Work request → Start to finish, return the listing below exactly, pictures excluded.

---------- Given data

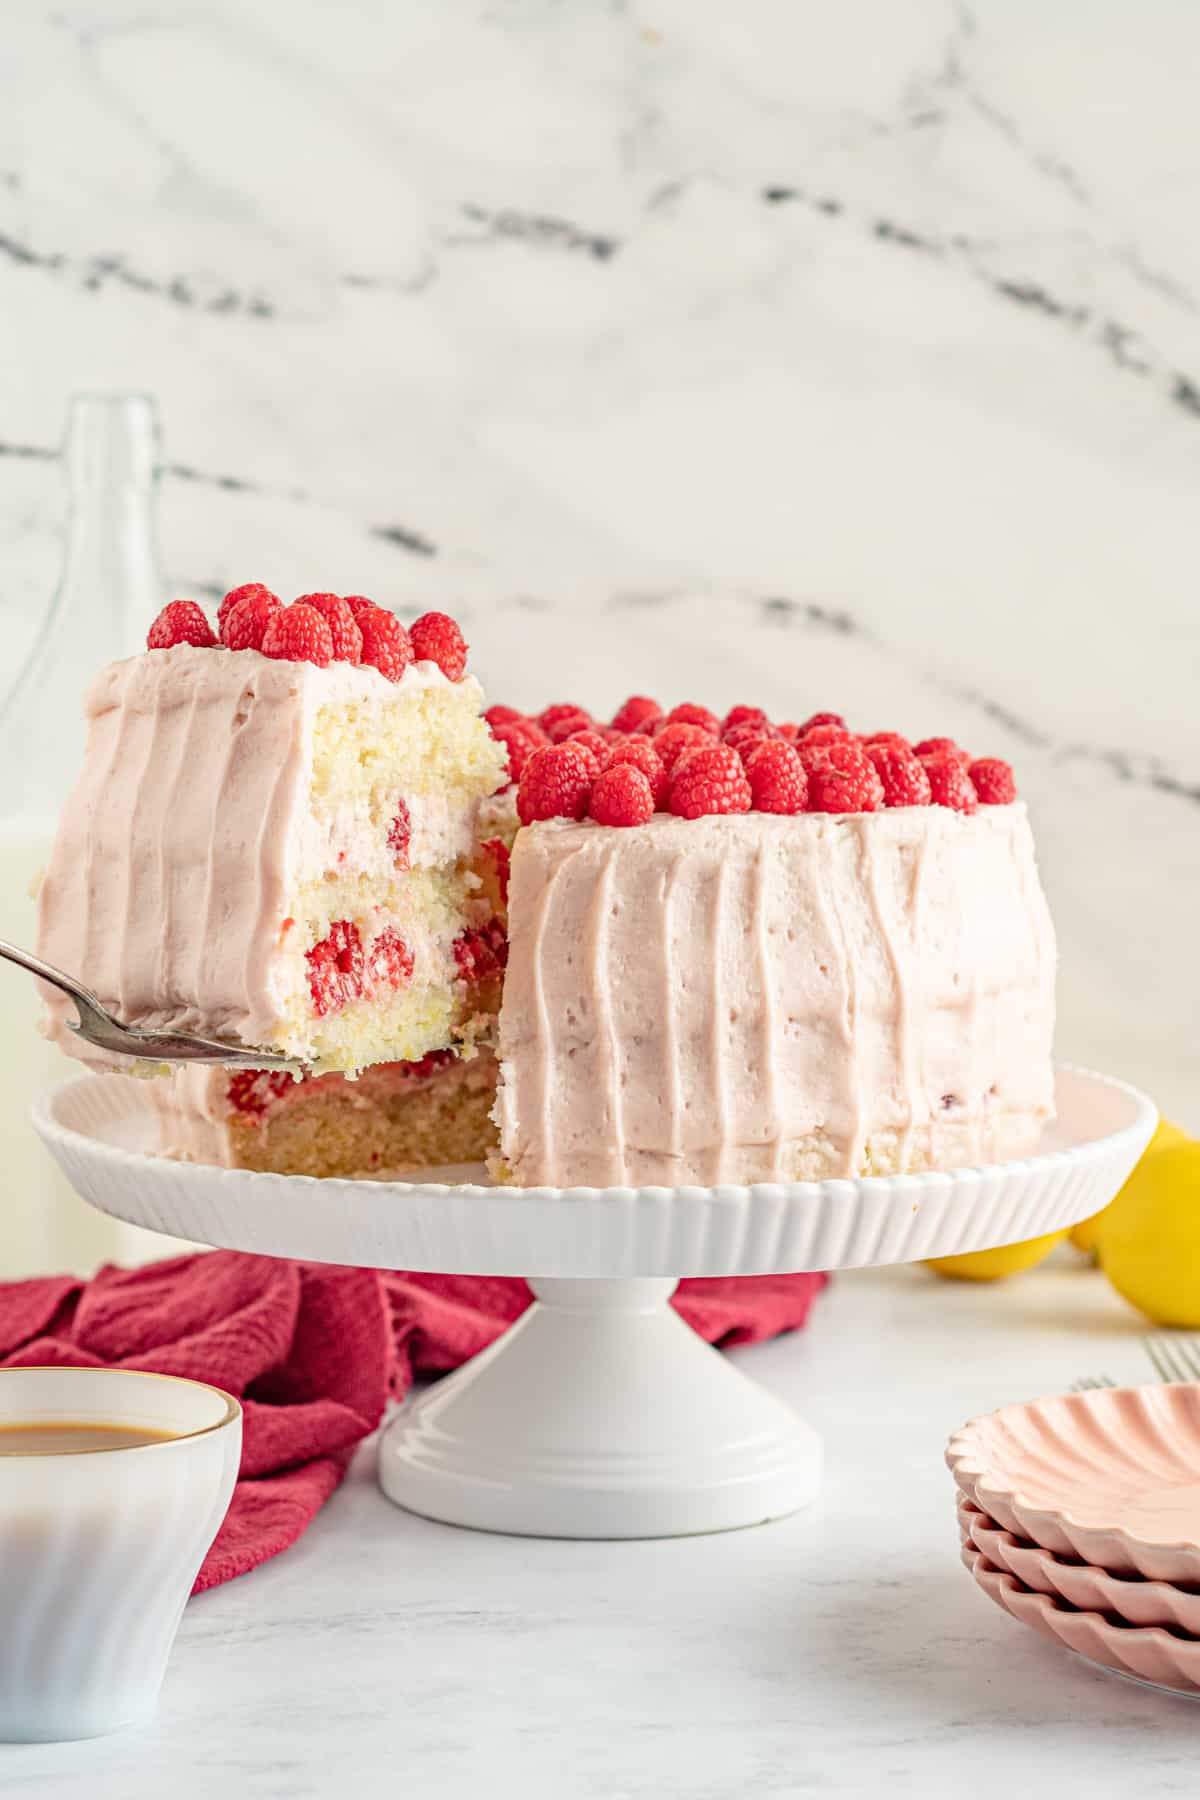 Slice of cake being lifted from the lemon and raspberry layer cake.
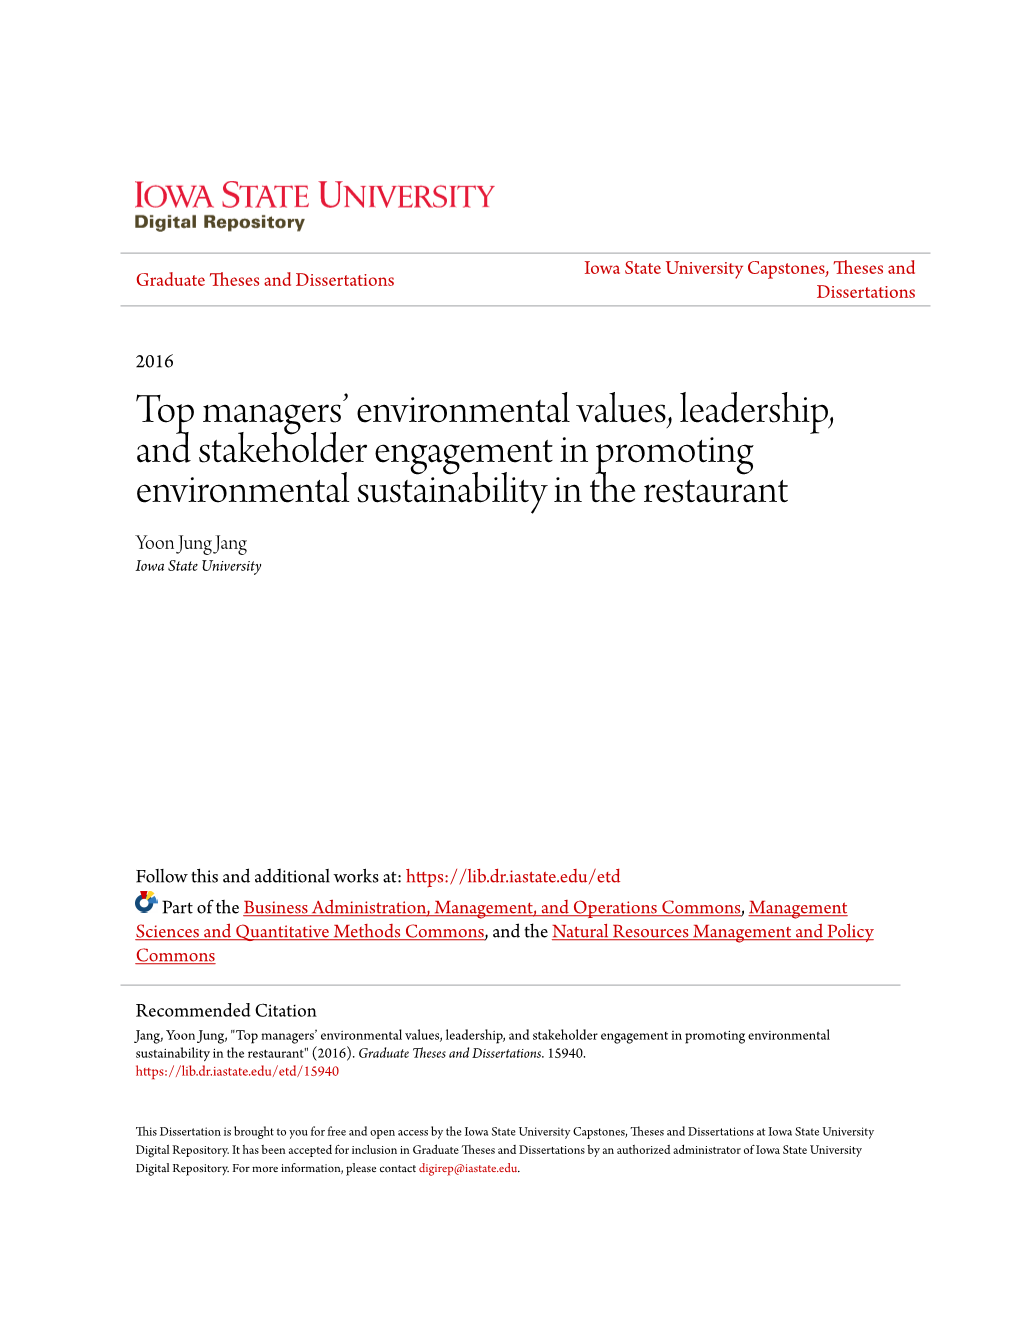 Top Managers' Environmental Values, Leadership, and Stakeholder
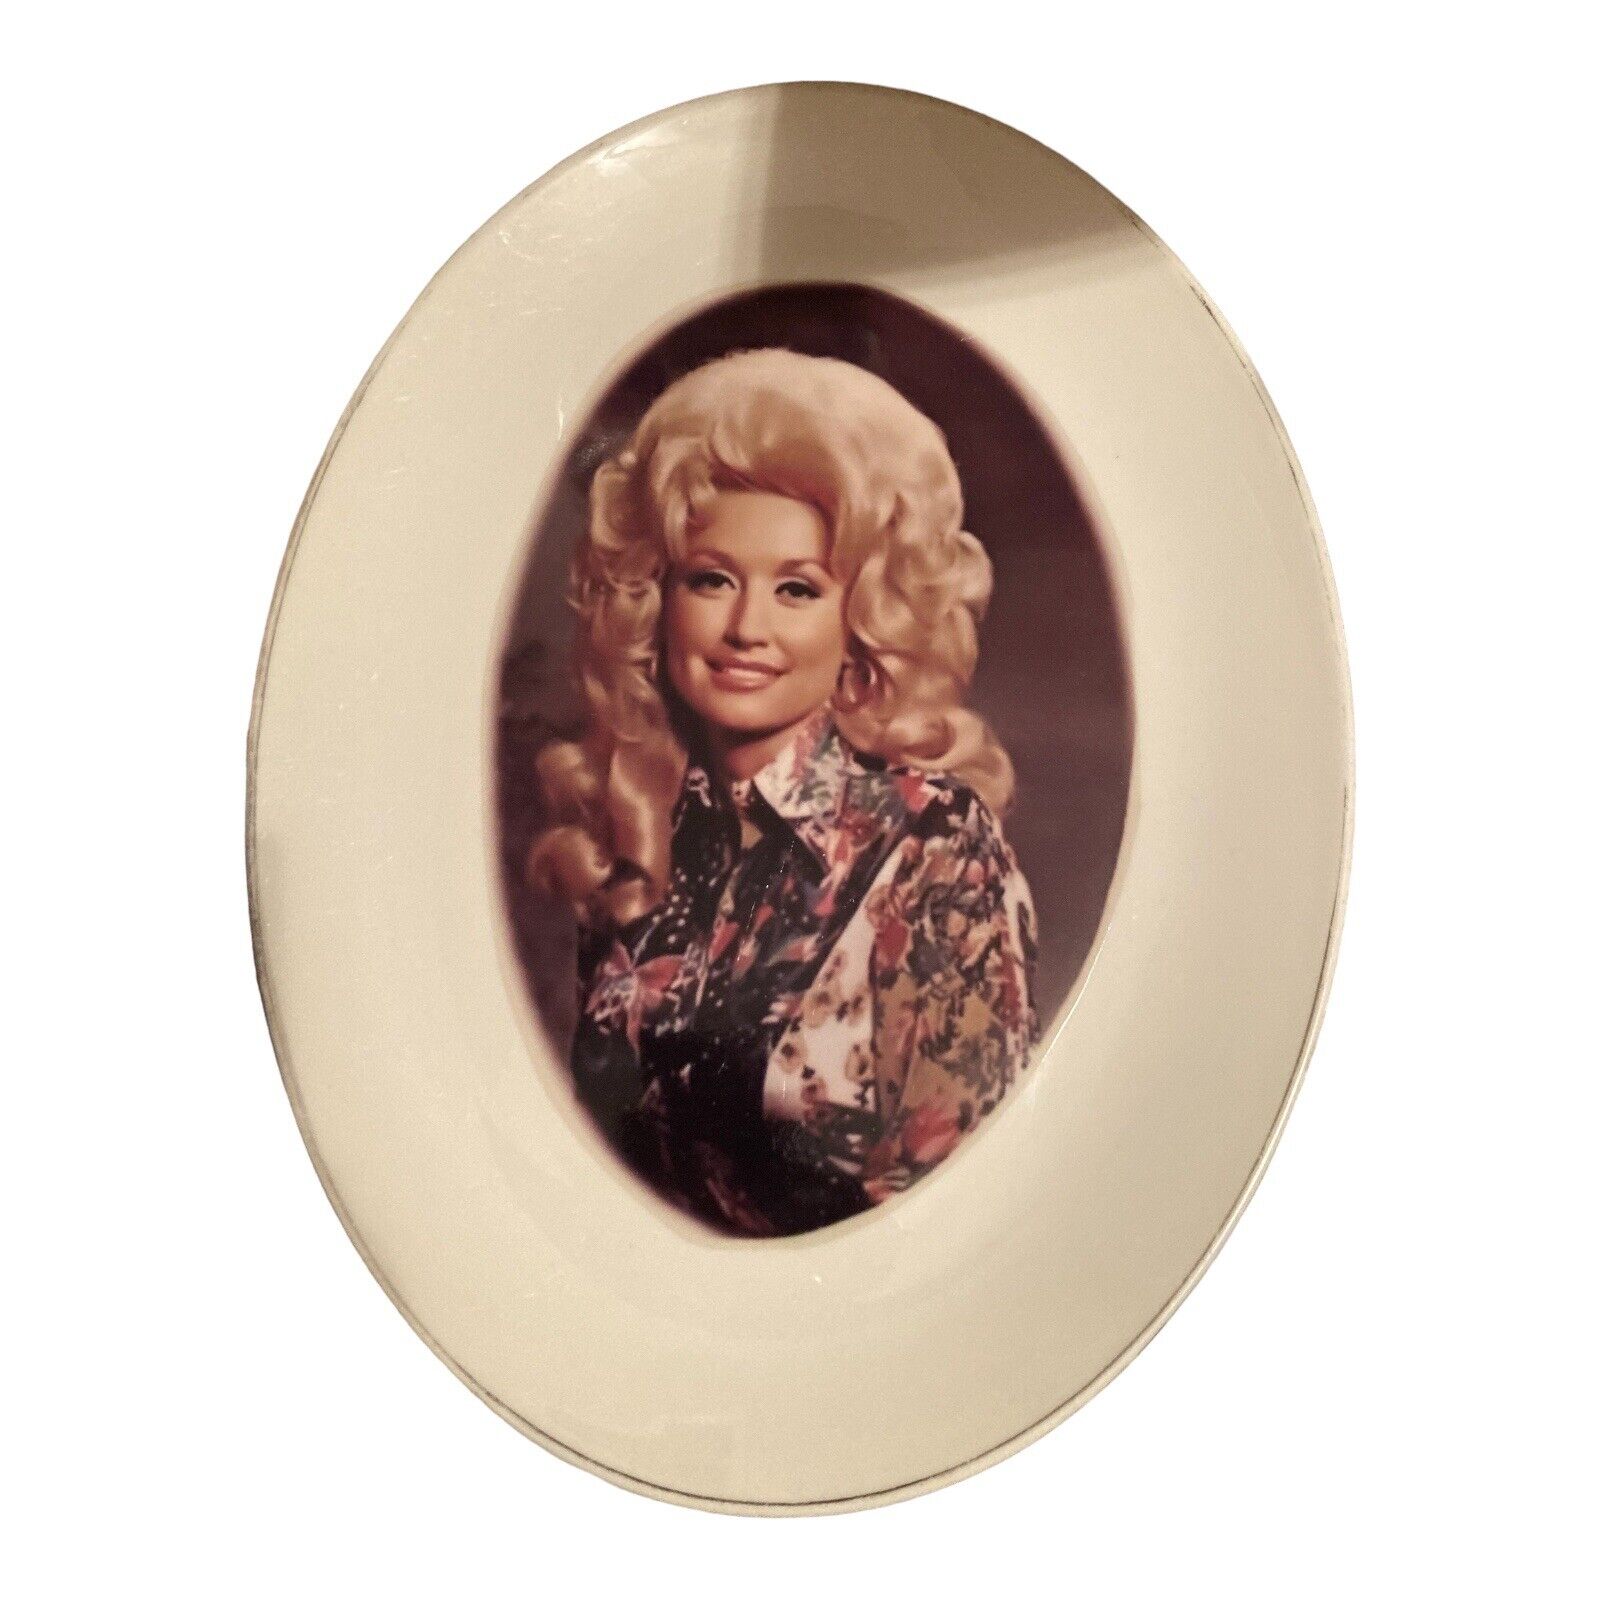 VERY RARE DOLLY PARTON Plate Early Dollywood Offering??  Only One On eBay

--------------------

Written solution →
 Slice of cake being lifted from the lemon and raspberry layer cake.
 Top Managers' Environmental Values, Leadership, and Stakeholder
 VERY RARE DOLLY PARTON Plate Early Dollywood Offering??  Only One On eBay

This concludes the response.